[Dataset excerpts]
▽

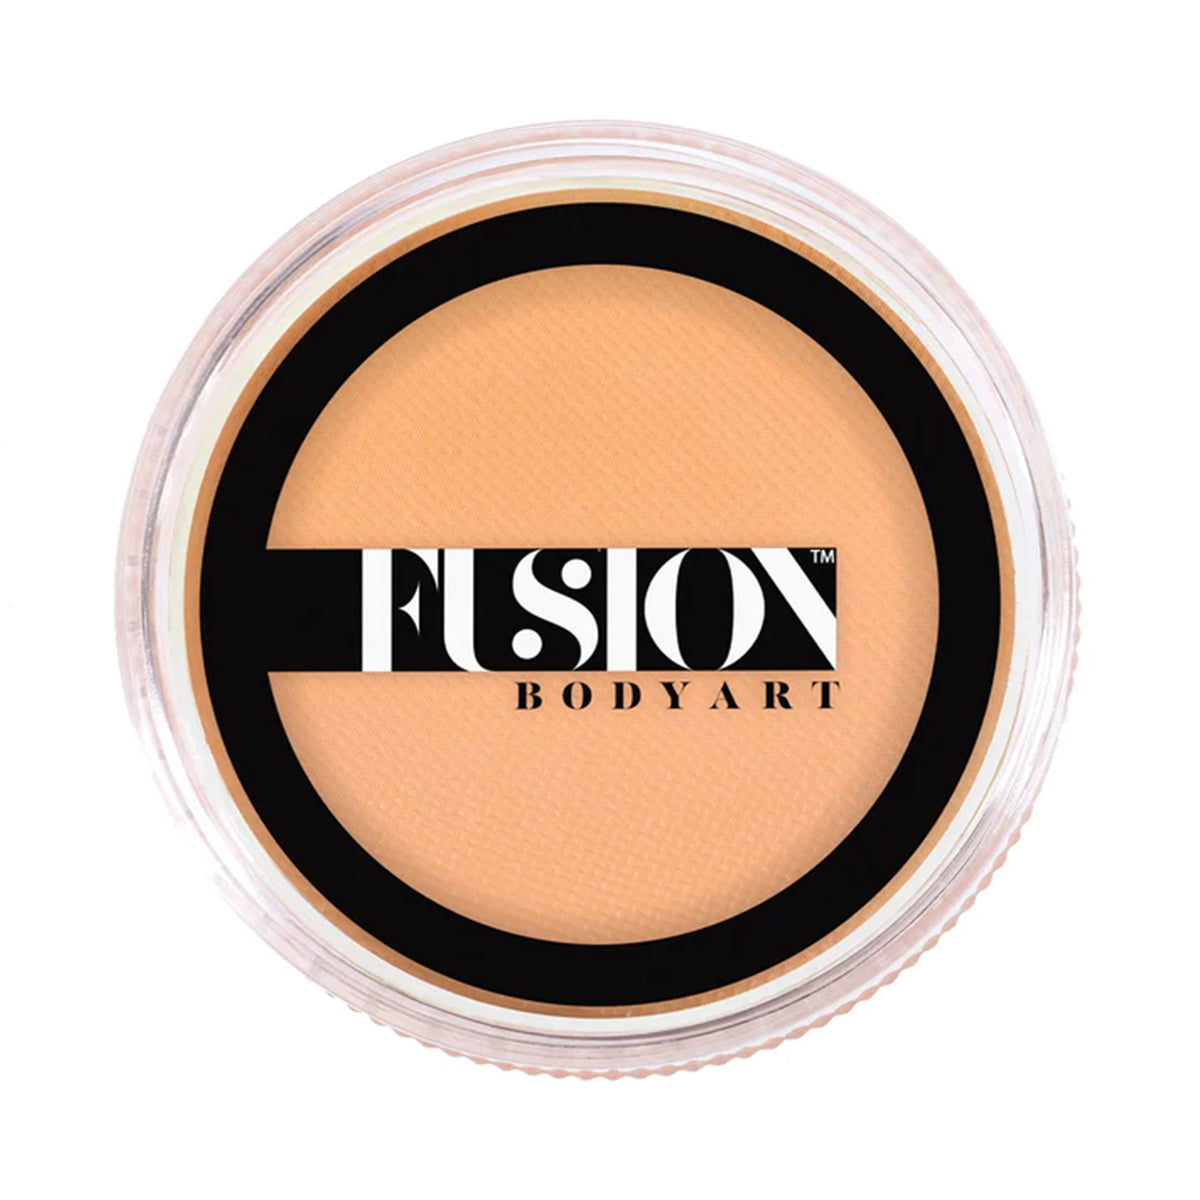 Fusion Body Art Face Paint - Prime Pastel Orange (32 gm)
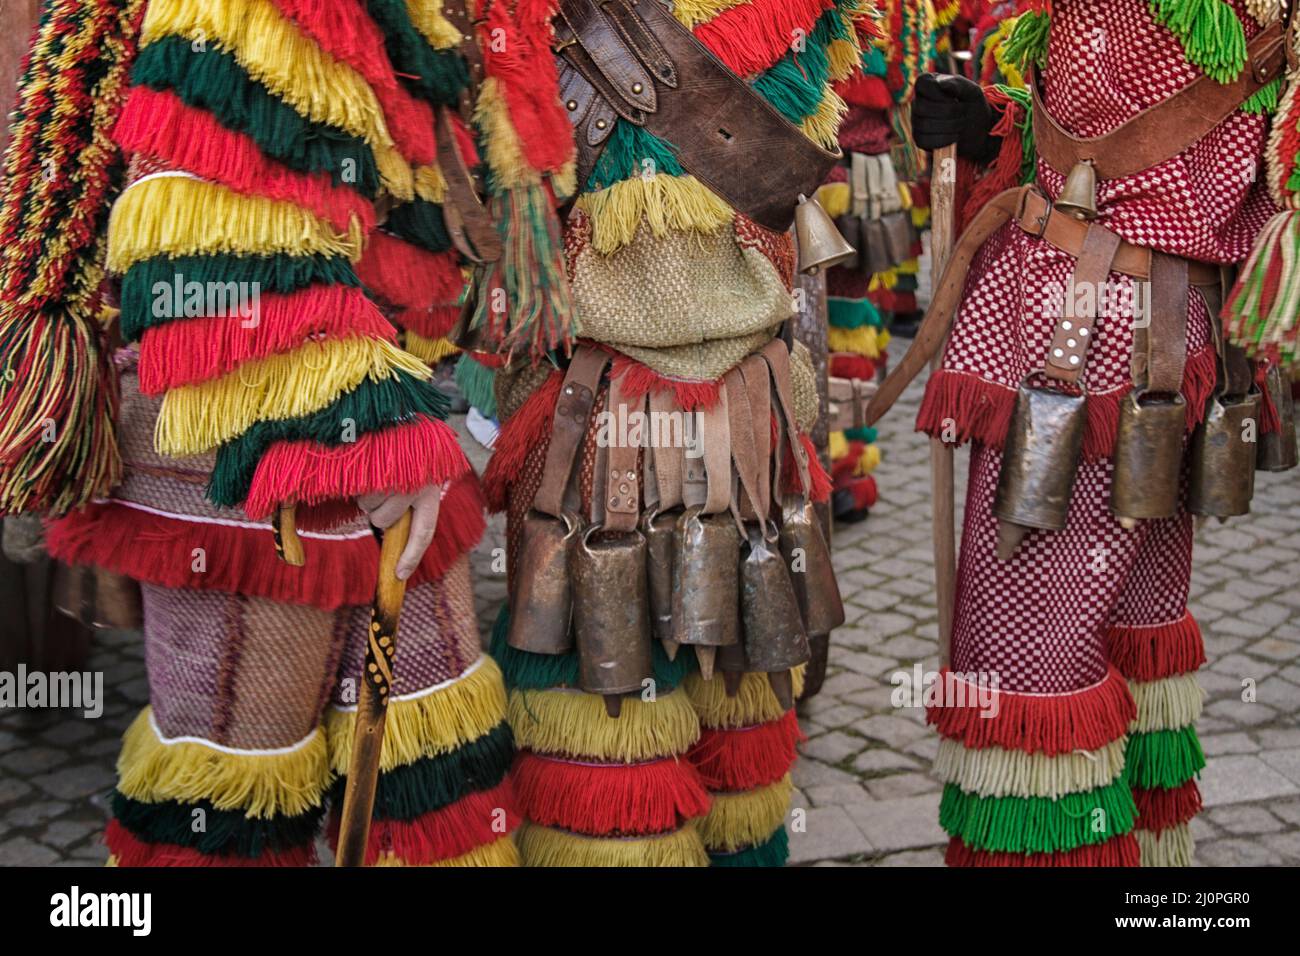 Los caretos - personajes tradicionales de Podence, Cerca de su traje y campanas, Portugal Foto de stock
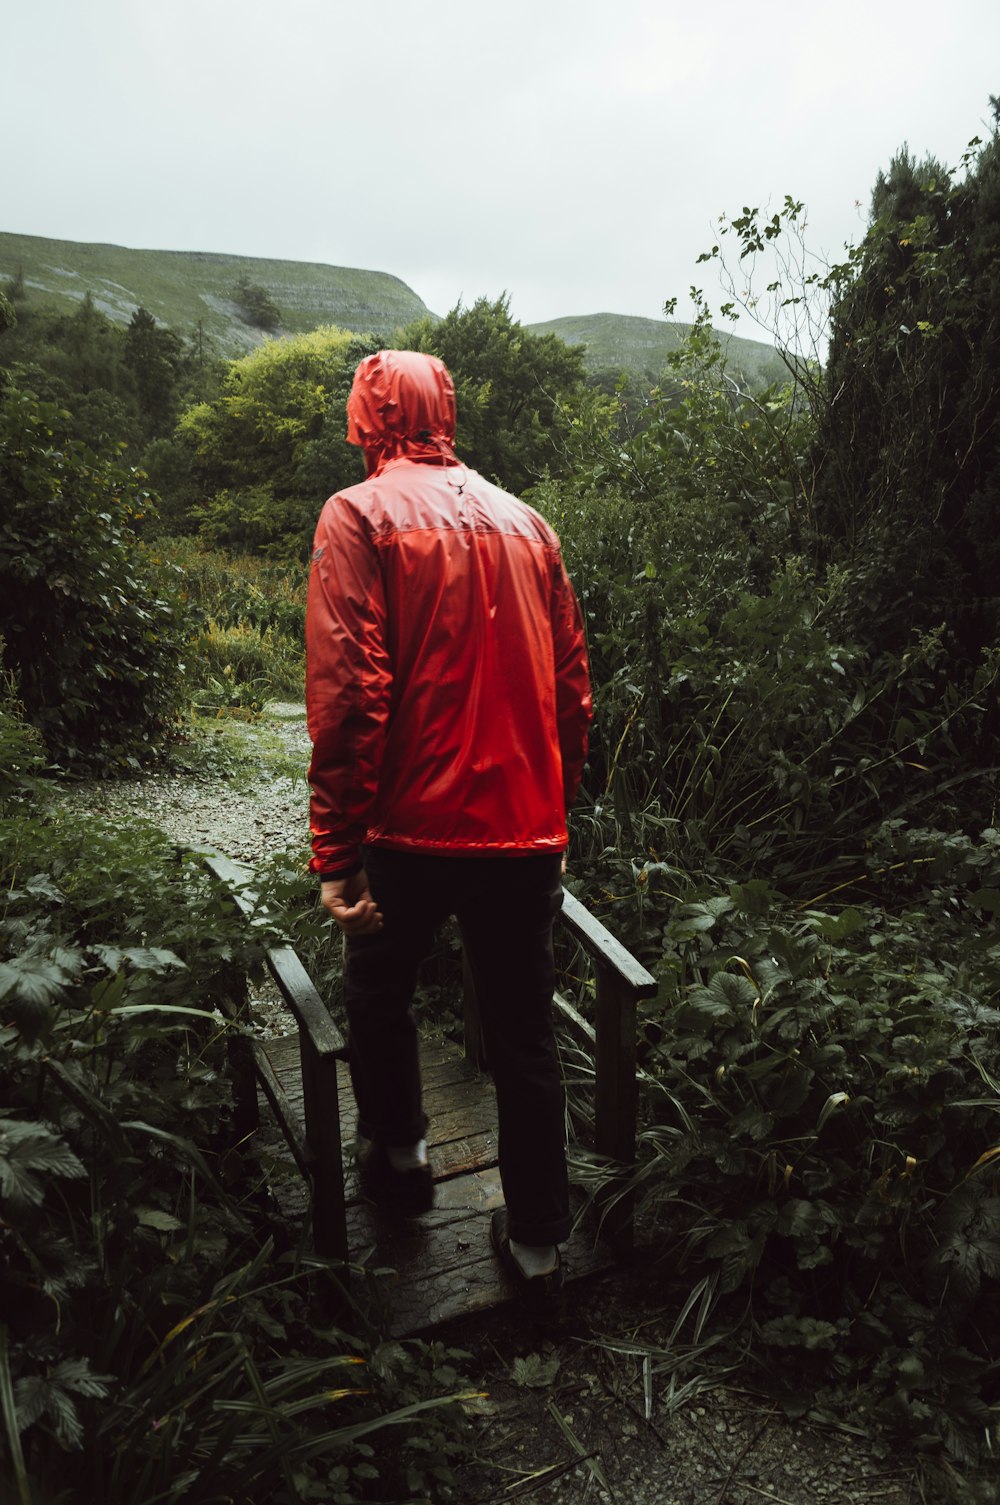 빨간 재킷을 입은 남자가 나무 산책로를 걷고 있다
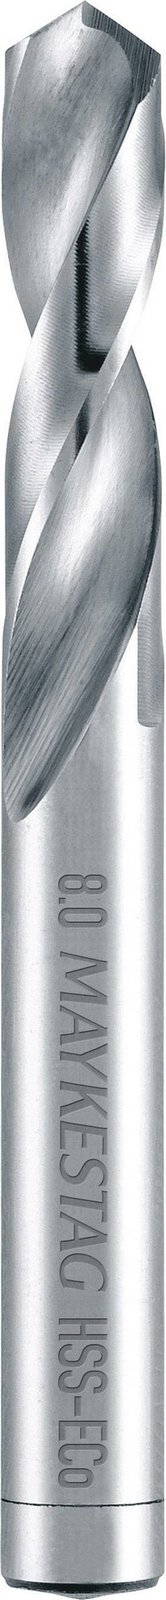 Alpen 92100350100 HSS-E kovový spirálový vrták  3.5 mm Celková délka 52 mm Cobalt DIN 1897 válcová stopka 1 ks
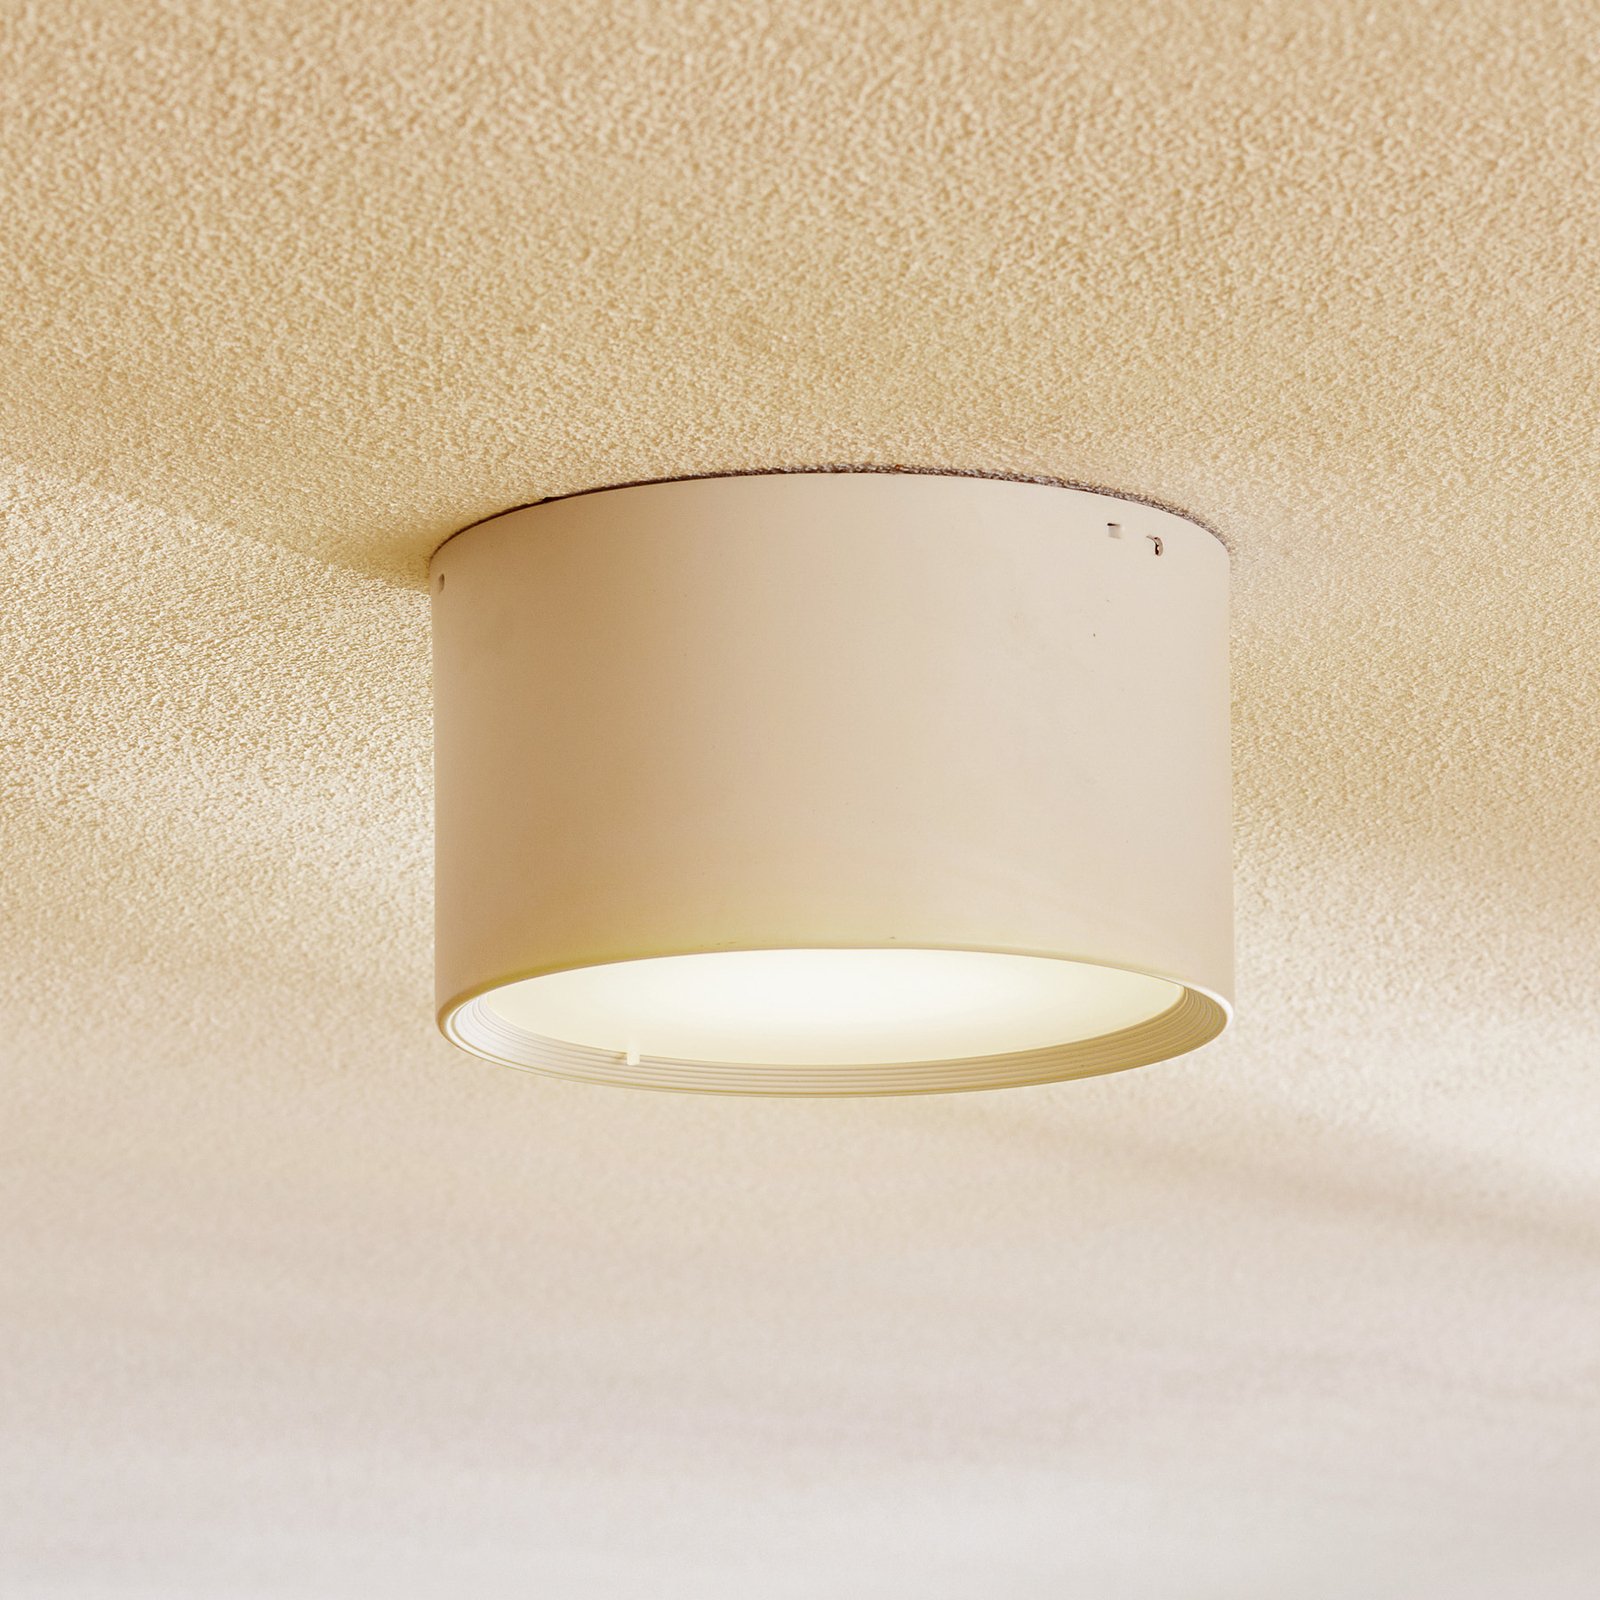 Faretto Ita LED bianco con diffusore, Ø 15 cm

△

**Problem details**
A word-for-word copy of the data, without its pictures, is what is needed.

**Solution to this exercise**
 Fusion Body Art Face Paint - Prime Pastel Orange (32 gm)
 Los caretos - personajes tradicionales de Podence, Cerca de su traje y campanas, Portugal Foto de stock
 빨간 재킷을 입은 남자가 나무 산책로를 걷고 있다
 Alpen 92100350100 HSS-E kovový spirálový vrták  3.5 mm Celková délka 52 mm Cobalt DIN 1897 válcová stopka 1 ks
 Faretto Ita LED bianco con diffusore, Ø 15 cm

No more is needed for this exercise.